Вид у него и в самом деле был какой-то потерянный. Заросшее мускулами тело грузно обвисло, на лбу появилось множество волосяных морщин, рассеянный взгляд ни на чем не мог задержаться.
— То есть что значит «так дальше нельзя»?! — засмеялся я раздраженно. — Ты знаешь, что тебе нужно делать в жизни, и делаешь. Дай бог каждому! — рассердился я окончательно. — Ишь ты: «так больше нельзя»! А как можно?
— А кто такая Ольга? — внезапно спросил Федор. Его беспокойные глаза, наконец, нашли объект внимания и остановились на мне.
— Ольга?.. До тебя, мой милый, доходит, как до этого самого... полосатого, с длинной шеей... Тебе же представили: дочка Курулина!
— Я знаю, что дочка, — простодушно сознался Федор. — Кто она?.. Я ее люблю, Алексей!
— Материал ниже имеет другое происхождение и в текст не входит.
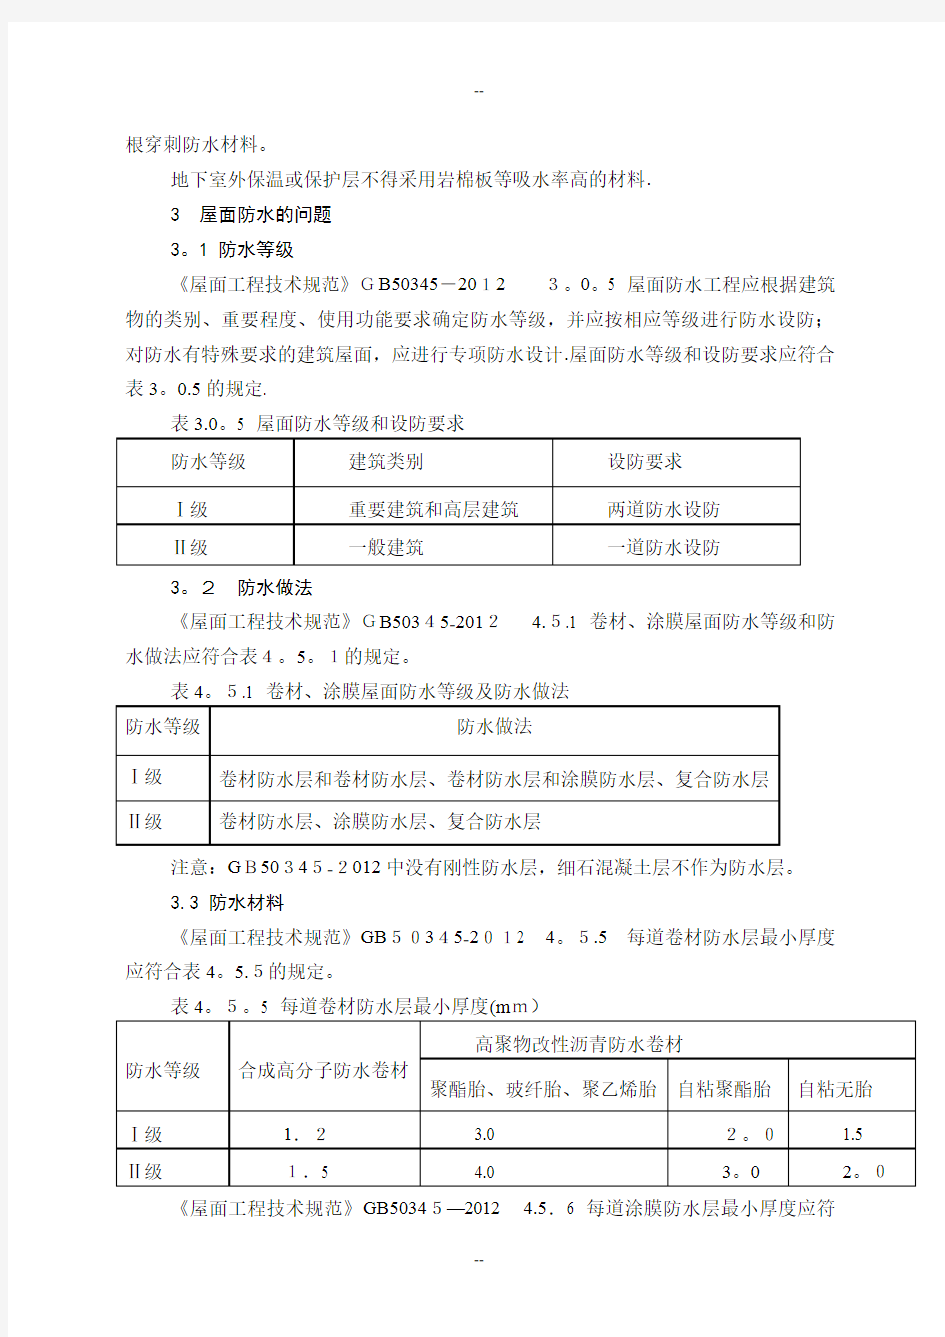 江苏省建设施工图审查中常见问题分析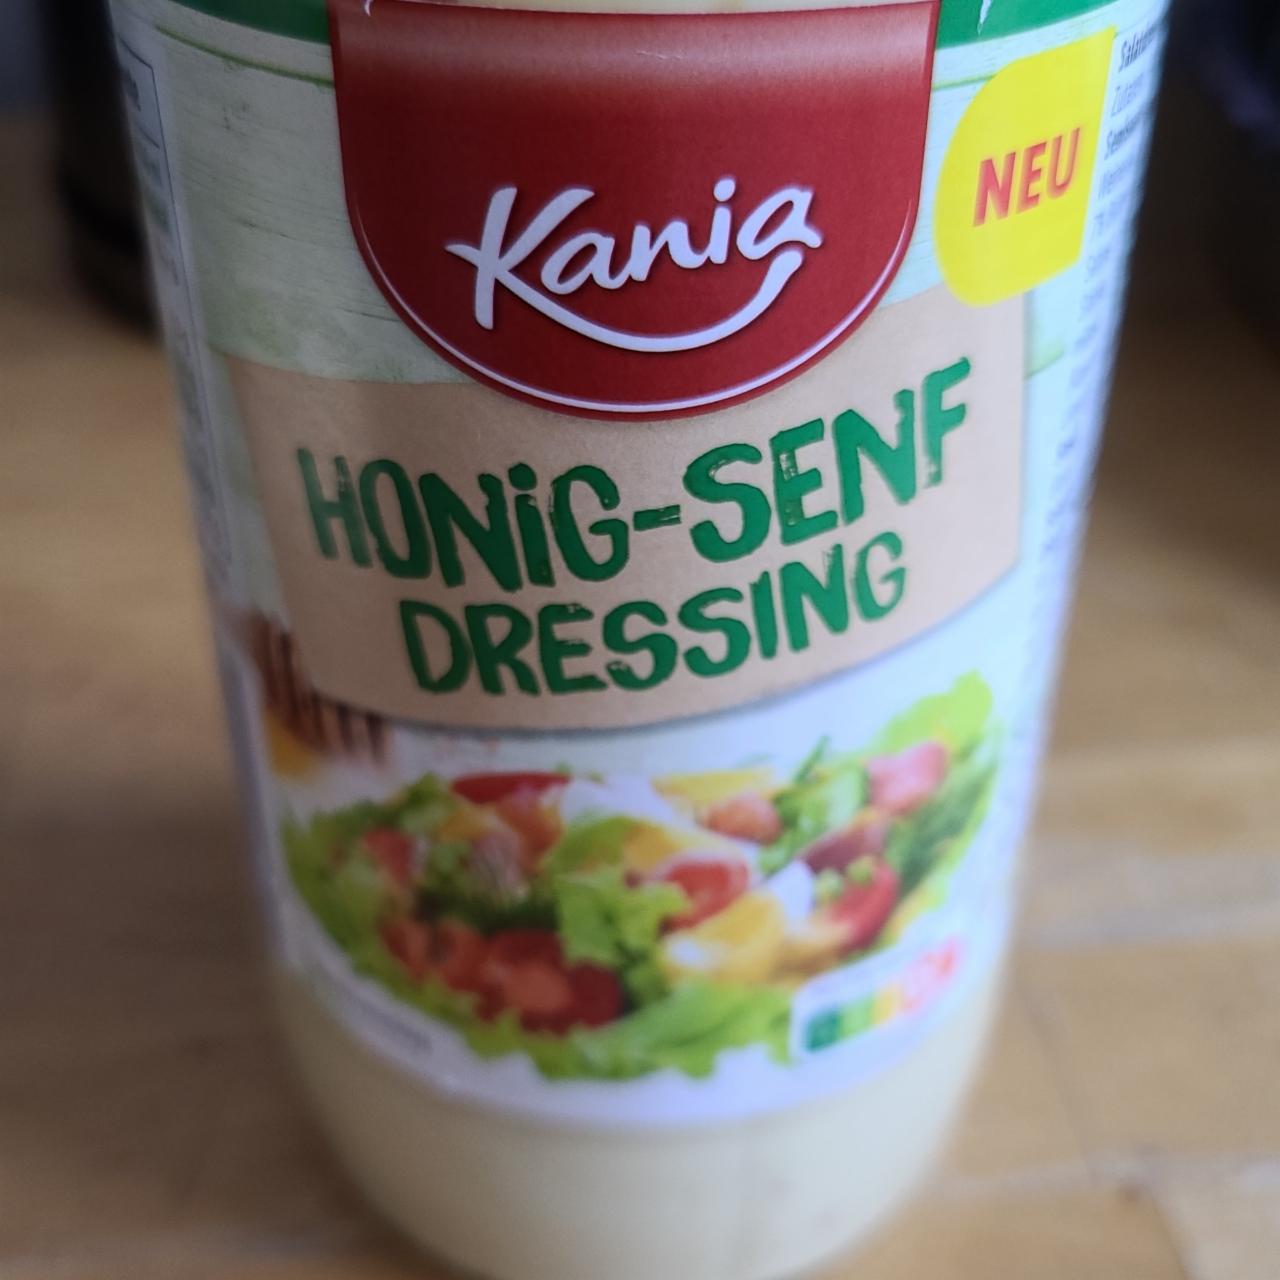 Fotografie - Honig-Senf Dressing Kania

Я гулко, на весь дом захохотал.
— Вот чего тебе не хватало! — Оглушенный, оскорбленный, буйно развеселившийся, я нервно прошелся по комнате и снова сел на диван. — Нет, слушай! Да когда ты успел? Мы же тебя только-только с ней познакомили!
— Почему ты так кричишь, Алексей?
— Нет, слушай! — орал я, как буйнопомешанный. — Действительно, чего это я глупости спрашиваю! Мало ли, что пять минут назад увидел! Какое это имеет значение, верно? Главное: сразу видно, как она по всем статьям тебе подходит! Во-первых, почти ровесники: всего-то двадцать лет разницы в возрасте. И учится в вузе, на первом курсе, все же не в детском садике высмотрел. Нет, слушай! Почему это доктора наук берут себе жен всегда с первого курса? Почему не со второго? — Я нервно захохотал. — Или боятся, что это скоропортящийся продукт?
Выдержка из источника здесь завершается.